Ada apa dengan anak itu? batinnya.

*****
Flashback::

“ne, Yama-chan…kau bisa bantu aku kan?? Ayolaah…!!” Chinen Yuri disana, berdiri sambil menarik-narik lengan seragam sahabatnya, Yamada Ryosuke. Sementara Yamada sendiri hanya bisa menggelengkan kepala, memandang sahabatnya heran.

“ayolah yama-chan…Cuma kau yang bisa membantu Chii…” Yuto Nakajima ikut-ikutan menarik lengan baju Yamada. Sementara yang jadi objek tarikan hanya bisa meringis kesal.

Ada apa sih dengan kalian berdua?mengajari Chii menjadi Ryu Amakusa? Supaya apa, hah?” Frustrasi, Yamada akhirnya bersuara. Sukses membuat Chinen dan Yuto diam. Namun beberapa detik kemudian, Chinen sudah mengambil tempat tepat di sebelahnya.

“begini loh, Yama-chaan—…”

End of flashback

*****
“Hee??? Jadi dingin? Maksudnya gimana siih?” Shida Mirai memandangi teman semejanya tidak percaya. Kawashima Umika -yang tadi baru saja selesai curhat-curhatan heboh dengan Mirai- menyandarkan dagunya ke meja. Jelas sekali dia terlihat begitu kesal. Di belakang mereka, Ohgo suzuka yang dari tadi sibuk menyalin PR Mirai akhirnya menghentikan aktivitas, ingin lebih tenggelam dalam pembicaraan 2 sahabatnya itu.

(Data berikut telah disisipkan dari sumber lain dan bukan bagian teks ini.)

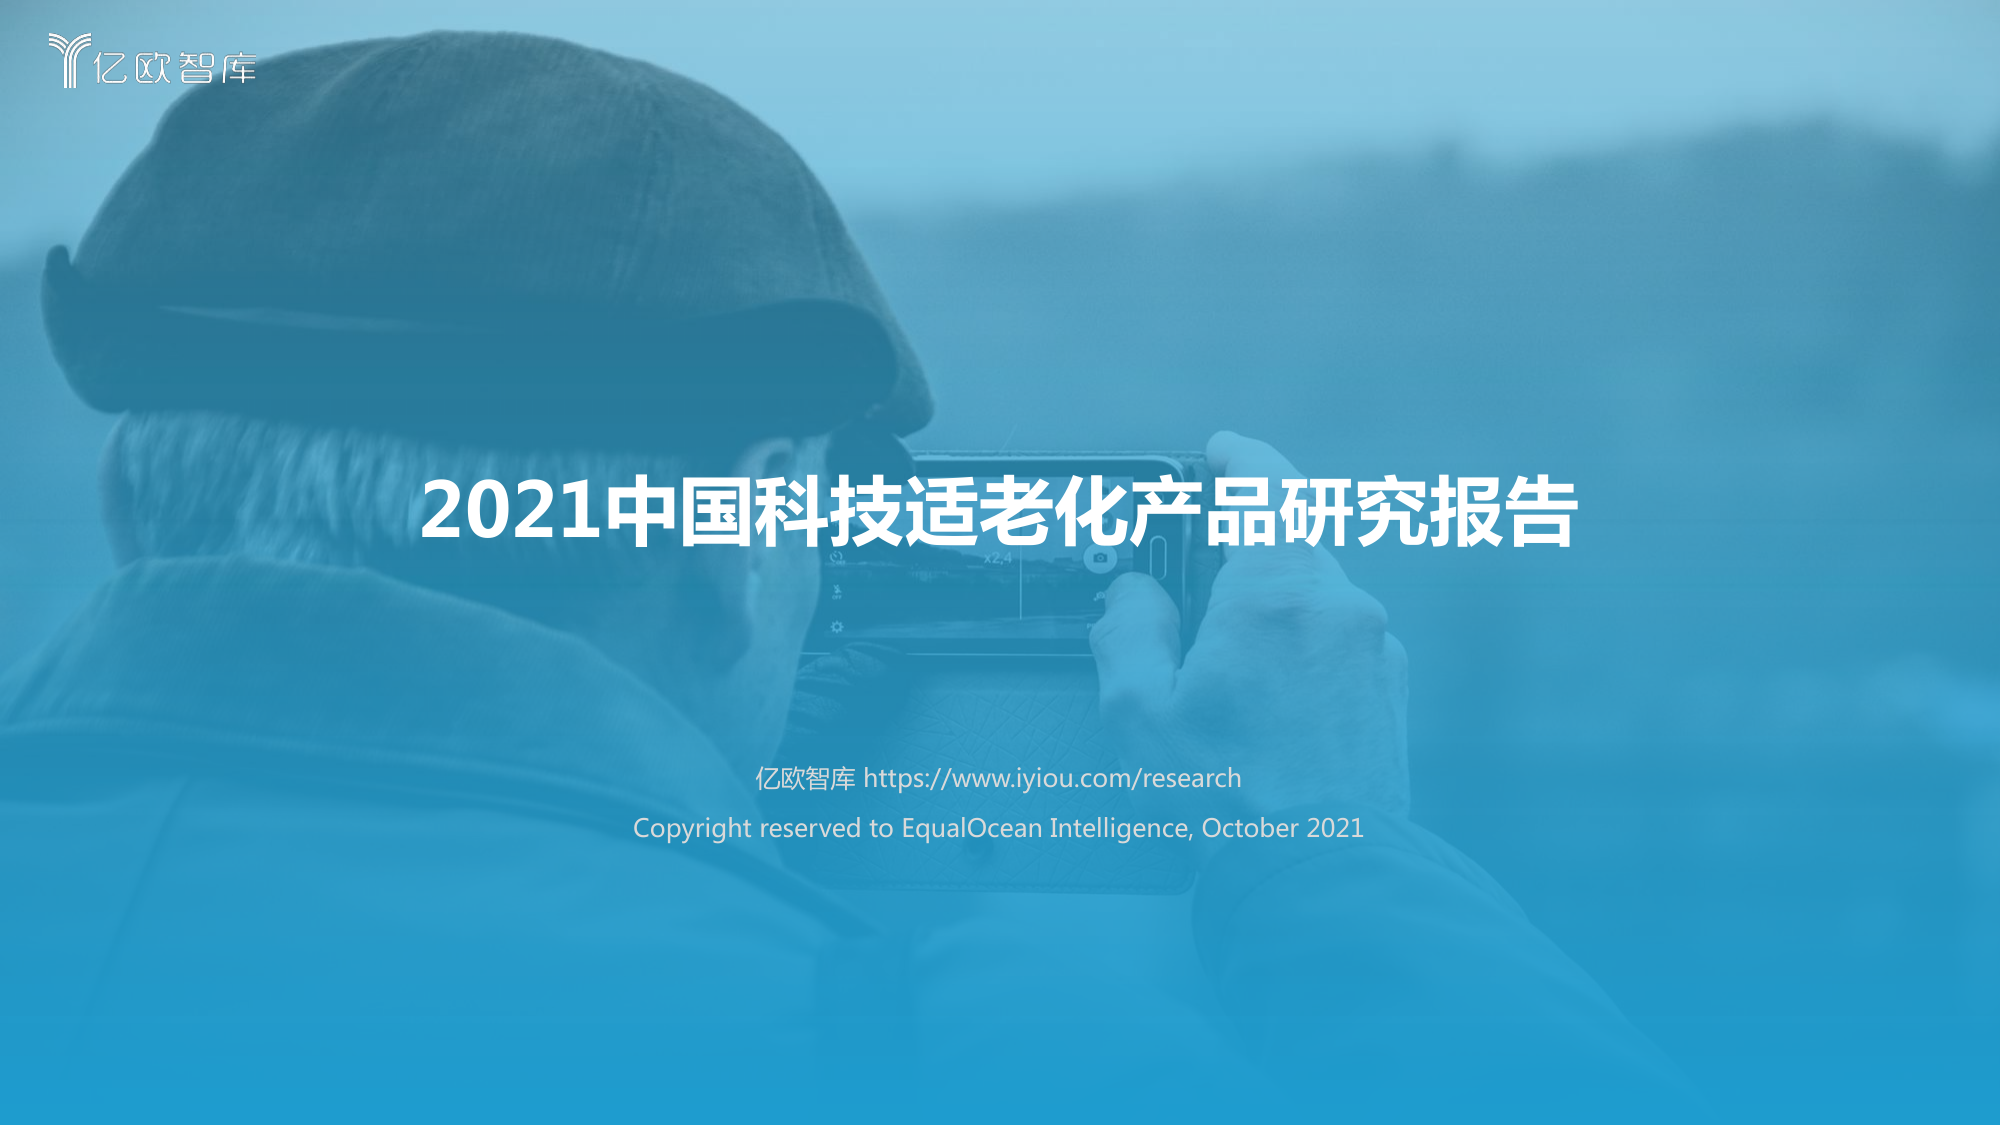 2021中国科技适老化产品研究报告-亿欧智库-2021.10-66页

“Maksudnya Chinen jadi dingin itu, apa karena dia nggak mau lagi ngomong sama kamu? Atau mungkin menghindar?” suara Ohgo suzuka kemudian terdengar, diikuti gerakan tangannya yang menyodorkan buku PR fisika kearah Mirai, sembari memberi kode ‘terima kasih’ dengan tundukan kepalanya. Umika mengangguk cepat, menyadari kalau masalah seperti ini, Suzuka lah yang biasanya pintar dalam mencari solusi. Pikirannya kembali melayang, menyayangkan kenapa sahabatnya yang pintar ini bisa ‘jatuh’ ke pelukan Nakajima Yuto yang tingkah lakunya tidak jauh berbeda dengan penghuni RSJ.
Matanya lalu beralih ke Mirai yang sepertinya juga sedang berpikir keras. Gadis itu tersenyum kecil, memikirkan betapa beruntung sahabatnya itu, bisa pacaran dengan si Yamada Ryosuke yang berlabel ‘The Most Popular Boy’ dan ‘The Most Wanted Boyfriend’ di sekolah. Apalagi dengan cerita perjalanan cinta mereka yang-menurutnya-sangat indah. Bertemu dalam satu dorama saat kelas 2 SMP, beda sekolah, lalu akhirnya bertemu lagi di SMU, menjadi classmate dan akhirnya pacaran. Sungguh indah bukan?
Pikirannya kembali teralih, menyadari dirinya sendiri.
Bagaimana dengannya?
Sudahkah dia menemukan seseorang seperti Suzuka dan Mirai?
Sudah kok…
Tentu saja! Chinen Yuri, pemuda mungil yang cuma lebih tinggi beberapa senti darinya itu. Yang pertama kali mengajaknya bicara saat nama mereka dicatat sebagai siswa sekelas. Yang setiap hari selalu diajaknya untuk makan di kantin saat istirahat atau ke KFC depan stasiun sepulang sekolah. Tapi yang juga sering membuatnya mengigit bantal kesal, karena tak juga ‘menembaknya’.
Chinen Yuri, kenapa lama sekali?
Kalau dibandingkan dengan Suzuka dan Yuto yang sudah pacaran hampir setahun, lalu Mirai dan Yamada yang sudah menjelang 7 bulan, ia sama sekali belum apa-apa.
Masih hijau istilahnya…
Mau menunggu? Tapi sampai kapan?
Chinen Yuri itu, siapa yang tahu apa yang ada di dalam kepalanya?
Lalu kenapa bukan Umika yang menyatakan cinta lebih dulu?
TIDAK! Menyatakan cinta lebih dulu haram hukumnya. Bukan buat dia saja, Suzuka dan Mirai juga. Meskipun sekarang sudah jamannya emansipasi wanita, tapi menyatakan cinta kepada cowok? Jelas tidak mungkin. Suzuka sih enak, meskipun rada-rada autis, tapi Yuto Nakajima itu berani. Tanpa pikir panjang langsung saja nembak. Lalu Mirai, ditembak sama cowok idola satu sekolah tentu saja jadi kebanggan tersendiri baginya. Kalau ditanya siapa yang nembak duluan, Mirai akan dengan bangga menjawab “Yama-chan looh….Yama-chan”dengan sengiran super lebar.
Terus Umika? Tinggal menunggu Chinen Yuri bergerak.  
Tapi mau menunggu sampai kapan?
Gadis itu menghela nafas panjang.

*****
Chinen Yuri memandang ke ruang kelas sedih. Jujur, dadanya sesak mengingat apa yang baru saja dilakukannya pada Umika.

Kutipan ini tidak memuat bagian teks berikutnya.